#South Korea #Seoul #Korea University #Breast Cancer #pitavastatin

Cholesterol Drug's Remarkable Potential Against Breast Cancer Resistance

Recent findings from a research team at Korea University highlight the unexpected capabilities of pitavastatin, a commonly used cholesterol-lowering medication, in fighting treatment-resistant triple-negative breast cancer (TNBC). This research presents a promising avenue for developing therapeutics that could significantly improve patient outcomes.

Triple-negative breast cancer is known for being particularly aggressive and difficult to treat, lacking three common receptors: estrogen, progesterone, and HER2. Consequently, many patients become reliant on cytotoxic chemotherapy to manage the disease. However, a significant number of these patients face relapse due to the survival of cancer stem-like cells that can withstand treatment while leading to metastasis.

Led by Professor Jae Hong Seo, the research team has established that pitavastatin does more than address cholesterol levels. Pitavastatin has been found to directly inhibit the Mcl-1 protein, a crucial factor that supports the survival of these stem-like cancer cells and contributes to their resistance to paclitaxel, a common chemotherapy drug.

In their study, published in the journal Experimental Hematology & Oncology, the researchers employed a variety of molecular techniques to ascertain how pitavastatin affects TNBC cells. Their analysis revealed that pitavastatin binds specifically to the BH3-binding groove of Mcl-1. This action disrupts the stability of the Mcl-1 protein, triggering a series of mitochondrial dysfunctions, which ultimately leads to programmed cell death through apoptosis.

The experimental results were compelling: pitavastatin effectively eliminated populations of cancer stem-like cells, demonstrated a significant reduction in tumor growth in preclinical models, and importantly, restored sensitivity to paclitaxel. By reducing the aggressive cancer characteristics and suppressing the spread of the disease, pitavastatin reveals its potential as a repurposed treatment for patients suffering from chemotherapy-refractory TNBC.

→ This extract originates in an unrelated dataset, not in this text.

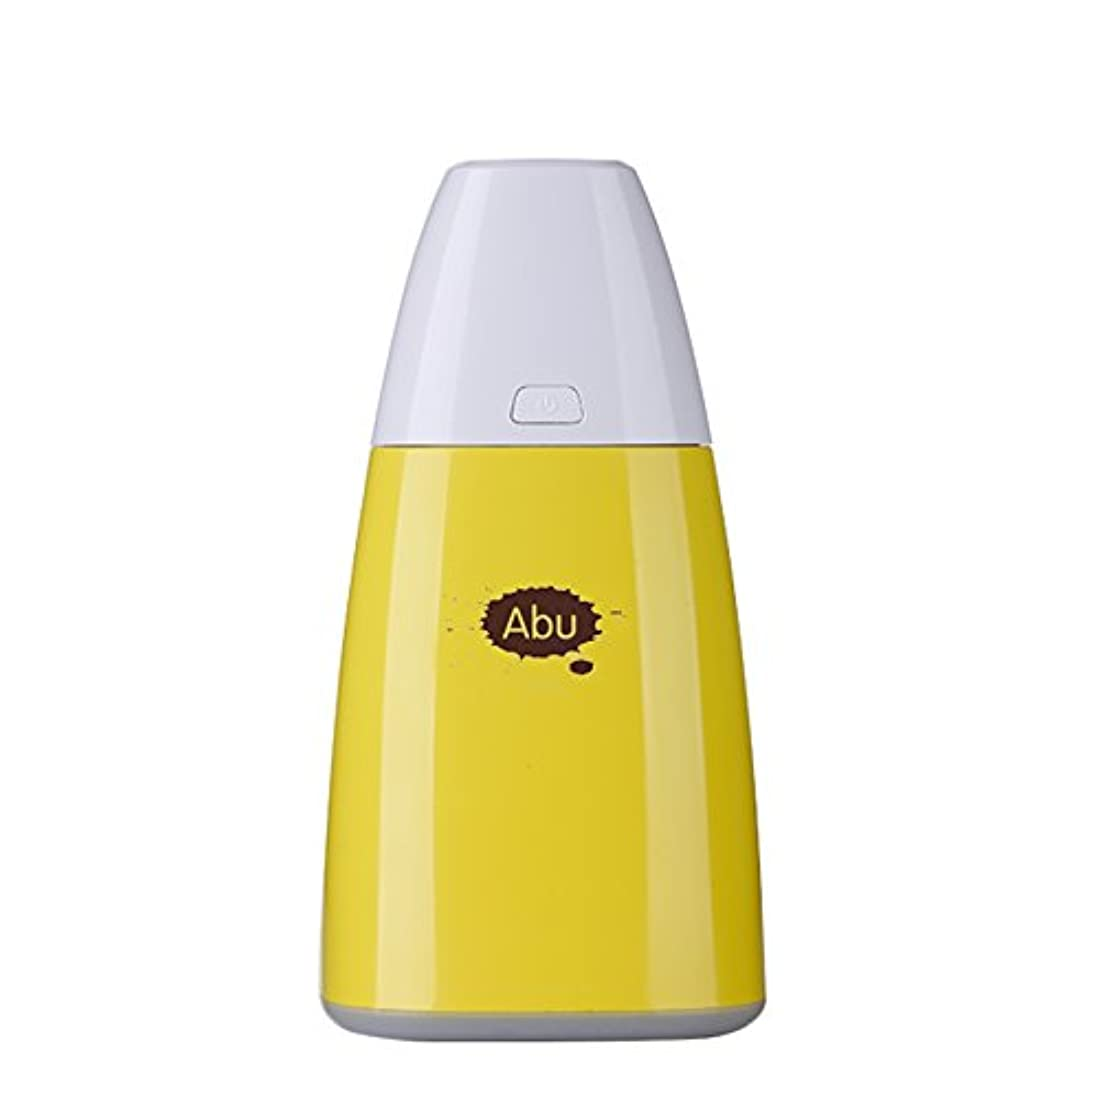 普遍的な受粉者重々しいRakuby 250ml USBポータブル アロマ セラピーエッセンシャルオイル ディフューザー ミニ 超音波 クールミスト加湿器 カラフル LEDライト ホームオフィス 寝室用

Further emphasizing its efficacy, the study noted that in mouse models, treatment with pitavastatin did not cause significant toxicity or weight loss, a common concern with many cancer therapies. An analysis of tumor sections showed a marked decrease in the proliferation marker Ki-67 and increased evidence of apoptotic cells, alongside reduced levels of several proteins associated with cancer progression, such as MMP-2 and VEGF.

The study’s findings suggest that pitavastatin could serve as a rapid intervention strategy due to its established safety profile as a cardiovascular drug. Prof. Seo remarked on the pivotal nature of their findings, stating, “Our results support pitavastatin as a promising candidate for drug repurposing, especially in TNBC characterized by high Mcl-1 expression and resistance to conventional chemotherapy.”

In conclusion, this research elevates pitavastatin from a mere lipid-lowering agent to a potential game-changer in oncology, offering hope for many who are affected by one of the most challenging types of breast cancer. As researchers continue to explore the implications of their findings, the medical community may be one step closer to delivering a more effective treatment for those facing the trials of TNBC.